TYPE
TWO: THE HELPER
Twos
believe that to be loved and appreciated, they are personally
responsible for providing a supportive, warm and caring environment.
In the workplace, this translates to the belief that
- an organization's strength lies in the value it
places on its people
- when people are cared for, morale and
productivity are high
These beliefs reflect an underlying set of values
that focus on giving of oneself and one's time, creating a caring and
friendly climate, and building relationships and a sense of community.
These values are reflected in how Twos think, feel and act in their
everyday lives. At high functioning levels, they have a very strong
focus on meeting personal needs in a thoughtful, sensitive, and caring
way. They build close relationships, are great listeners and are warm
and encouraging to others. They want to please and are very
considerate and understanding of others' needs. In fact, Twos have a
natural antenna that tells them immediately when someone is in need of
help, not feeling well, or not satisfied. The Twos will not only be
able to identify the problem, but may feel compelled to address it.
Their generosity and selflessness are admired by all who know them.
Service to others is primary in their lives.
Sometimes, however, their helpfulness can translate
into a need to be needed and appreciated. When their need to help
others becomes intense, it can cause them - and those who know them -
considerable stress. They may become overly friendly and effusive,
even gushy, using flattery and demonstrativeness to ensure that they
are seen as loving and caring. Others may see them as intrusive and
possessive when their desire to help is unwanted. At work, they may
become chatty, to the annoyance of others who may see their
friendliness as a distraction from the task at hand. Twos may exhaust
themselves trying to help others, and lose touch with their ability to
identify and meet their own needs in the process. When they feel
unappreciated for their efforts, Twos may over-compensate and try to
create dependencies that only they can fulfill. A "give to
get" thinking becomes an unwitting strategy as they try to cope
with an unresponsive or unappreciative world.
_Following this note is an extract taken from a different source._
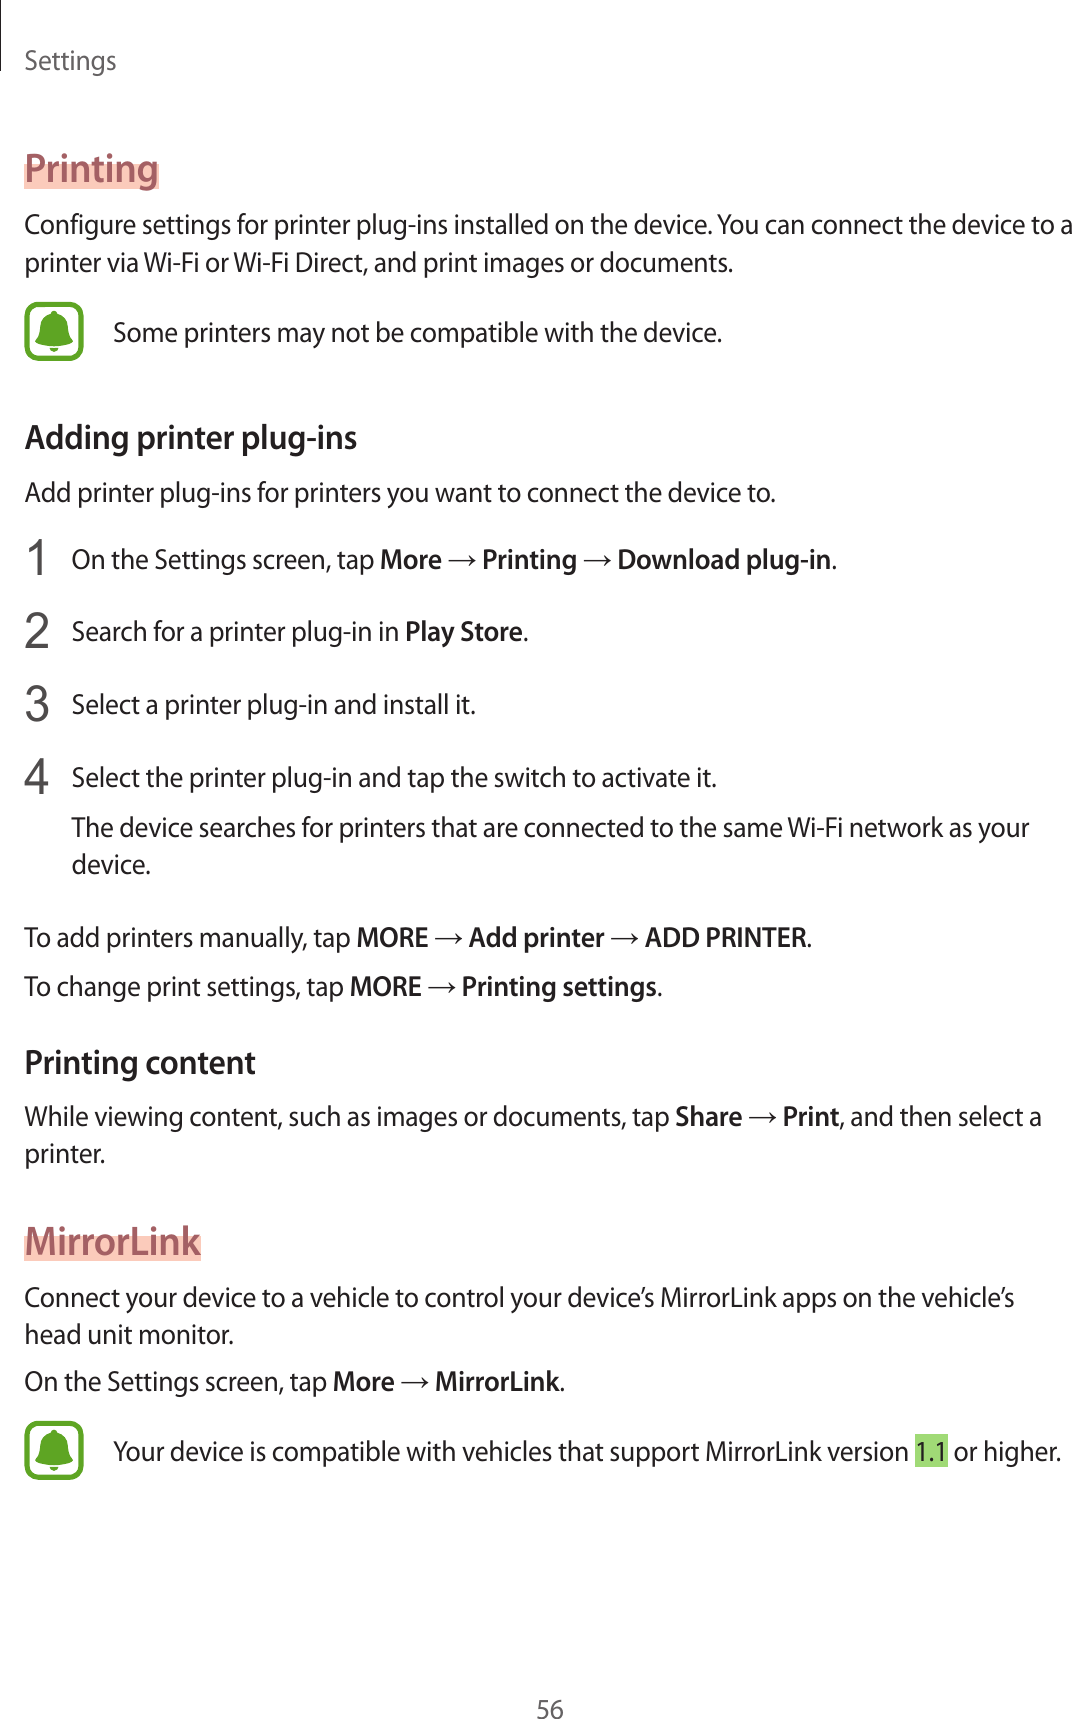 Settings56PrintingConfigur e settings f or print er plug-ins installed on the device. You can connect the device to a printer via Wi-Fi or  Wi-Fi Dir ect, and print images or documents .Some printers may not be compa tible with the device .Adding prin ter plug-insAdd print er plug-ins f or printers y ou w ant t o connect the device to.1  On the Settings screen, tap More → Printing → Download plug-in.2  Search for a print er plug-in in Play St or e.3  Select a printer plug-in and install it.4  Select the printer plug-in and tap the switch t o activate it.The device sear ches f or print ers that ar e c onnected to the same Wi-Fi network as y our device.To add printers manually, tap MORE → Add prin ter → ADD PRINTER.To change print settings, tap MORE → Printing settings.Prin ting c ont entWhile viewing cont ent , such as images or documents , tap Share → Print, and then select a printer.MirrorLinkConnect your device t o a v ehicle to c ontr ol y our devic e’s MirrorLink apps on the vehicle’s head unit monitor.On the Settings screen, tap More → MirrorLink.Your device is compatible with vehicles that support MirrorLink v ersion 1.1 or higher.

Twos grow when they shift their focus from gaining
love by meeting others' needs to an objective view of the situation
that may be causing them hurt. Learning to recognize and meet their
own needs before taking on others' problems helps restore objectivity
and allows them to truly help others by letting others help
themselves. They also grow when they focus on their work and meet task
challenges without worrying too much about the feelings of the people
involved.
At their best, Twos give of themselves
unconditionally and personify the genuine love they so value. They are
warm and caring and feel privileged that they can serve others without
seeking personal recognition or reward. In the process, they also
learn that by nurturing and caring for themselves, they are better
able to nurture and care for others.